El director italo-norteamericano nos muestra un film contundente, una obra narrativa intachable, sobre los últimos misioneros en el Japón durante el siglo XVII. La historia narra los dos últimos apóstatas que llegaron a las costas del país del sol naciente como misioneros creyentes y la persecución que sufrieron los cristianos en esas tierras. Al igual que en La última tentación de cristo, la lectura de la fe y sus duros caminos, la muerte por las creencias y los peligros que supone el nuevo orden cristiano en las esferas de poder rival, el caso del politeísmo y el orden romano, y en el último film la oposición del orden japonés y el budismo, muestra la contradicción entre el hombre y la fe, el poder y la “verdad”, las muertes que generan tal hecho y la estabilidad del orden imperante en el antiguo Japón.

La buena nueva de los creyentes sin fisuras, la que representan los dos padres portugueses que llegan a las costas orientales y las almas de los feligreses que buscan en ellos la luz donde poder mantener sus creencias. Estos colonos y sus ideas chocan frontalmente con el status quo y el poder que representa el gran inquisidor Inoue (Issei Ogata), el viejo poder Samurai.

La historia versa sobre la búsqueda del padre Ferreira (Liam Neeson), el último misionero que llegó a aquellas tierras y que, según informes de mercantes holandeses, ha apostatado. Las almas se pierden en el extremo Oriente. Japón lleva a cabo una limpieza de la doctrina cristiana, la persecución a los creyentes y su muerte es sistemática.

La nueva religión es un peligro que hay que erradicar. Esto lleva a viajar a dos jóvenes padres misioneros a aquellas tierras, el padre Garrupe (Adam Driver) y el padre Rodrigues (Andrew Garfield). Su objetivo es perpetuar el cristianismo y conocer si es cierto el destino del padre Ferreira.

La odisea de la autodestrucción, un eje crucial en todas las historias de Scorsese tiene en este film otra de sus espejos más evidentes. Si en Taxi Driver (1976), la moral y principios de Travis (Robert Deniro) eran los de un moderno cownboy buscando justicia y pureza por las calles de NY, en un claro viaje hacia la autodestrucción, es la fe, en este caso, el camino que lleva a los creyentes a una autodestrucción inútil.

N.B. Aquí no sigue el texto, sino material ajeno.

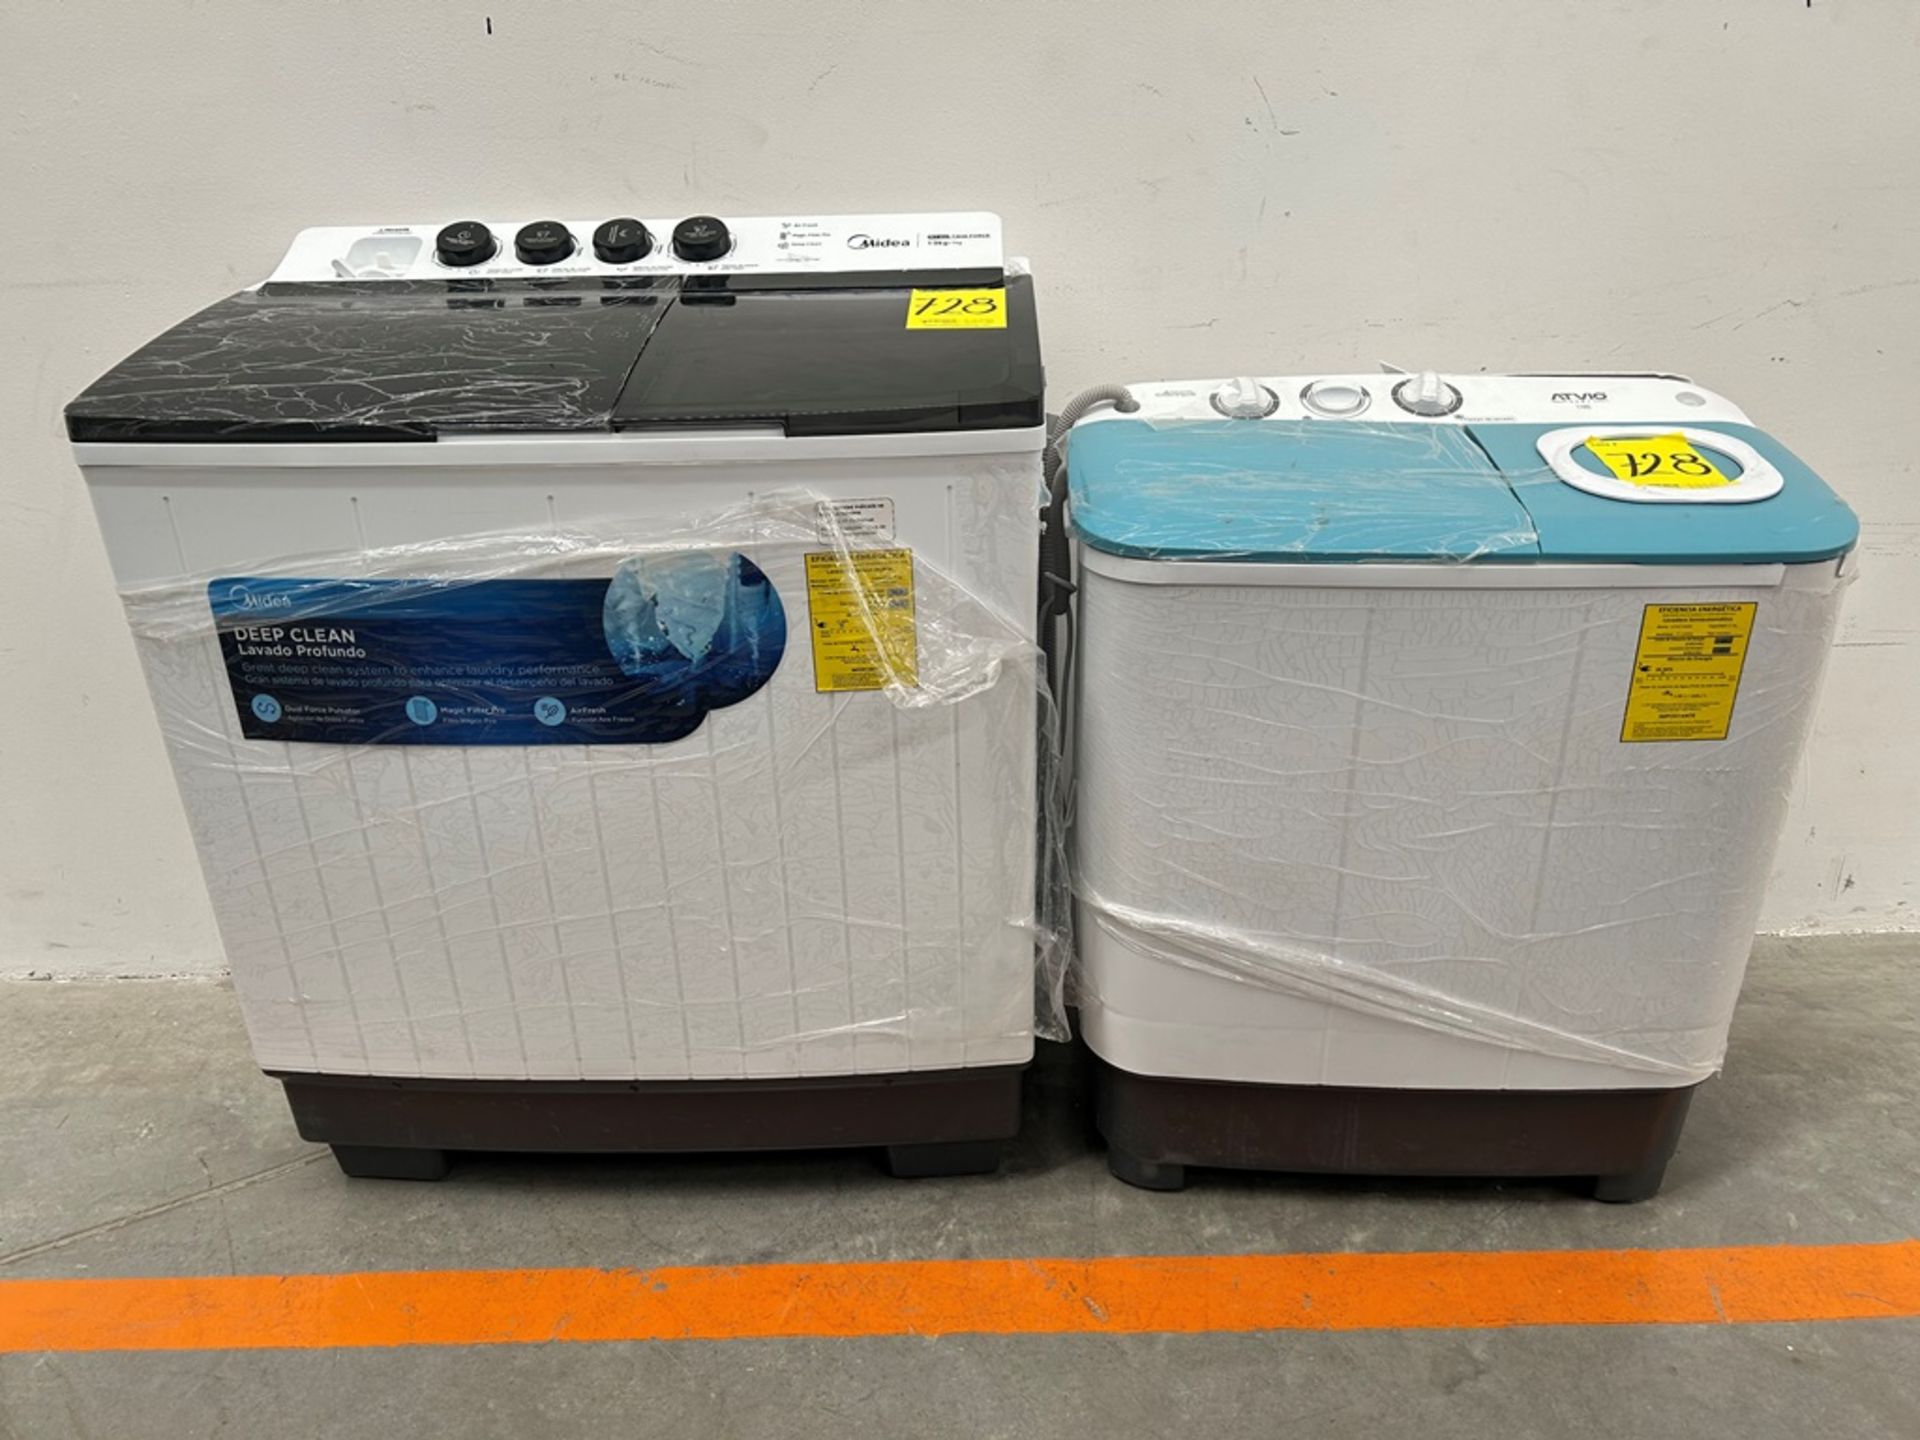 Lote de 2 lavadoras contiene: 1 Lavadora de 19 KG, Marca MIDEA, Modelo MT100W190WMX, Serie 500964,

Un acto de sacrificio que bajo la moral cristiana les perpetuará en todo el mundo, mostrando así la fortaleza de sus ideas frente a la debilidad de las otras. Este hecho, conocido por las autoridades niponas plantea la principal reflexión del film. Las ideas y las creencias de las religiones siempre fueron el pilar donde construir el poder de los imperios. No solo era la fuerza, sobre todo eran las ideas que podían desembarcar en imperios contrarios los que podían hacerlos debilitar. Las mentes de los corderos, los bien pensantes, eran la antesala de la llegada de los guerreros. Esa es la encrucijada que finalmente los misioneros tienen que descifrar para descreer, hacerse apostatas y contribuir a que el budismo y el sintoismo se perpetuaran en el Japón, y no se viera contaminado el país por el cristianismo, un arma de poder en toda orden que daba dignidad al pobre y le decía que era igual que el señor, prometiendo al hombre el paraíso después de la muerte.